The wire had the stalks wrapped pretty tight by this time. The thing already looked something like a real broom. All I had to do now was bend the bristles over the spooled wire and stitch up the broom so the bristles held together. That last part, the stitching, was what Belle really liked.
Kate didn’t say anything else. Watched me. I heard her breathing.
“How’d you know about Belle?” I said.
“Call it a sixth sense. Or maybe a seventh or eighth. I lost count some time ago.”
“Who are you?”
“Someone who needs a new broom. That’s all.”
I slipped on the leather mitt I used to help me push the needle through the bristles. The mitt belonged to my mother a long time ago, from when she used to stitch brooms. I did a few stitches in silence, bent over, with the heat starting to get to me.
“You like to go around the countryside harassing widowers?” I said.
“It wasn’t anything personal. I just noticed. Had to say something.”
“Uh huh.”
“It’s mostly I couldn’t help myself. You seem like you’re in pain.”
“Okay.”
“I really do need the broom.”
I kept stitching the bristles, making sure they were gathered up good and tight. Nothing worse than a broom that doesn’t hold together to get at the dust hiding in cracks and crevices. You want that good strong sweeping action, or else what’s the point? When I finished, I loosened the clamp and took the broom out. Held it out for her inspection. I didn’t want to look in her eyes.

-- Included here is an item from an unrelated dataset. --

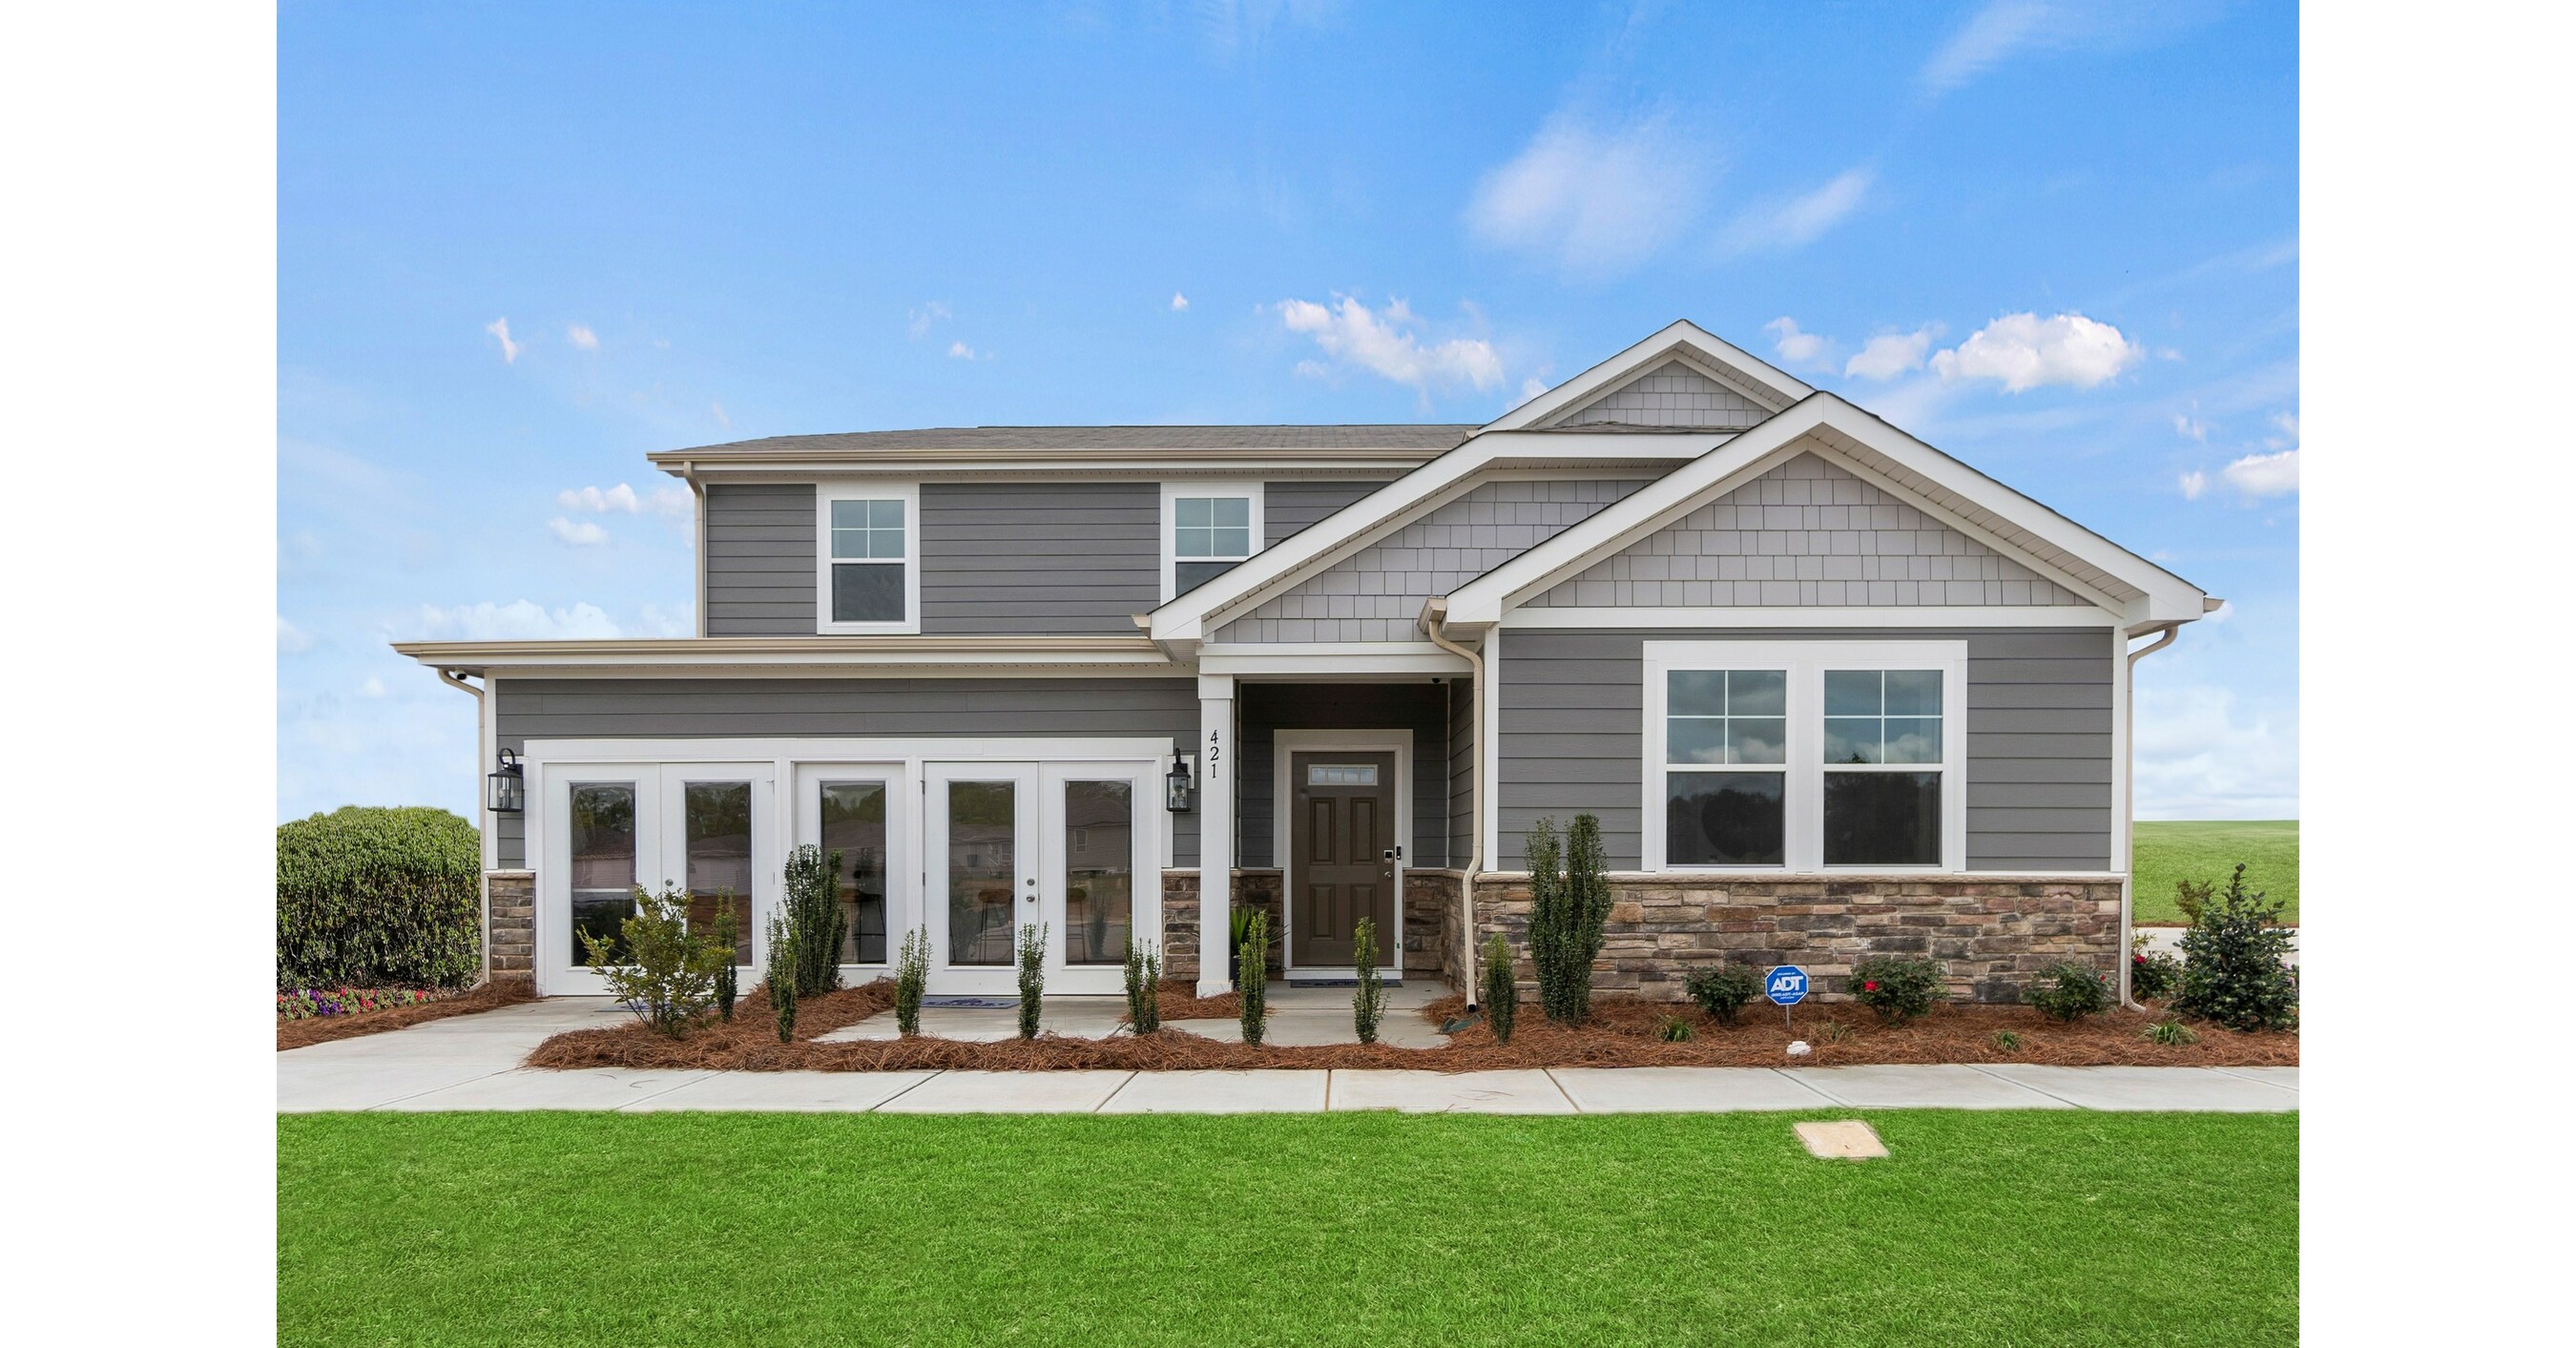  Century Communities Unveils Two New Model Homes in Monroe, NC 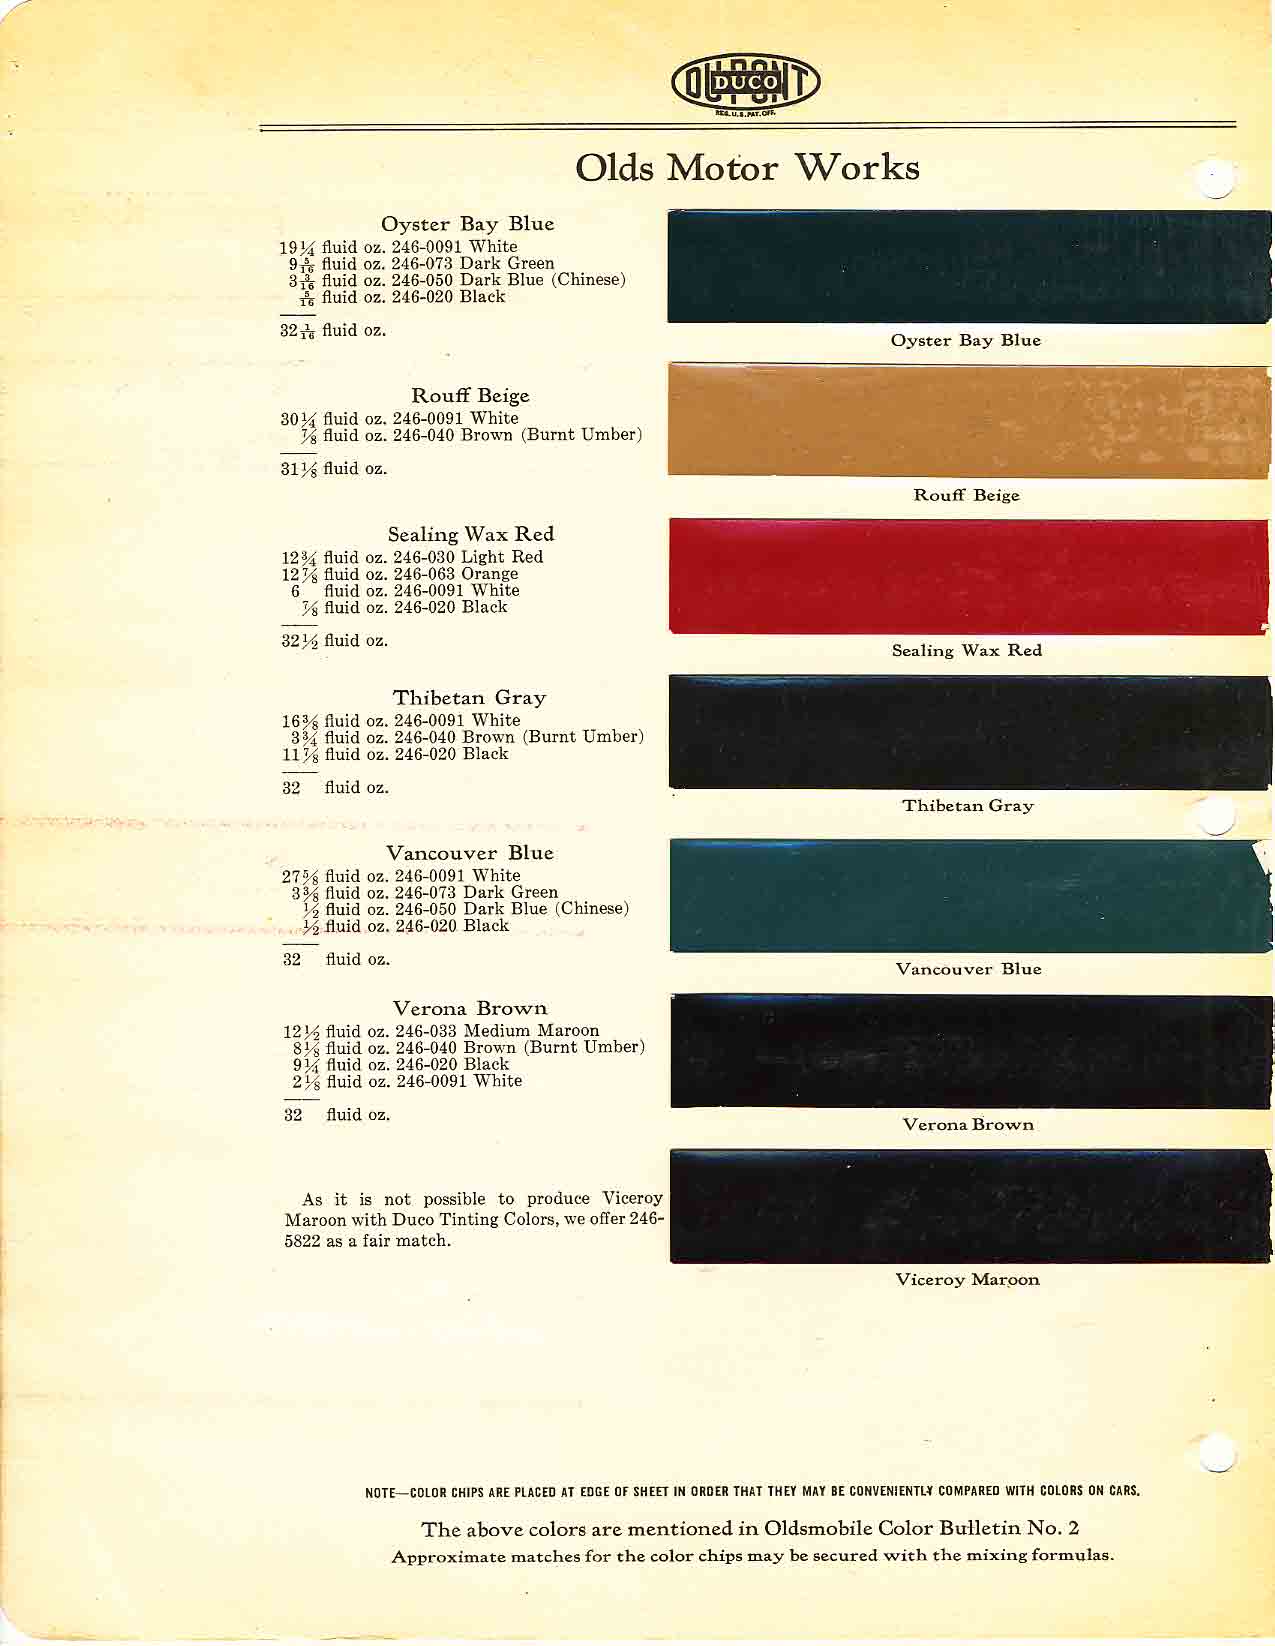 Oldsmobile Paint and Color Code Chart

She took it and held the bristles up close, examining them.
“I usually trim the ends,” I said. “At an angle for better sweeping, but I’m guessing you want it all raggedy like it is.”
“Quite right,” she said. “Good guess.” She stood up and placed the unbristled end on the floor, like it was still a walking stick. She held it just at the base of where the bent bristles make a knob.
“What do I owe you?”
“Nothing. I make them for fun now.”
She nodded. “Thank you.”
I waved my hand.
“Some of us are gathering for a ceremony,” she said. “Tonight. You’re welcome to come if you want.”
“Oh, I’ve had lots of ceremonies in my life.”
“One more won’t hurt you.”
“Probably won’t help, either,” I said.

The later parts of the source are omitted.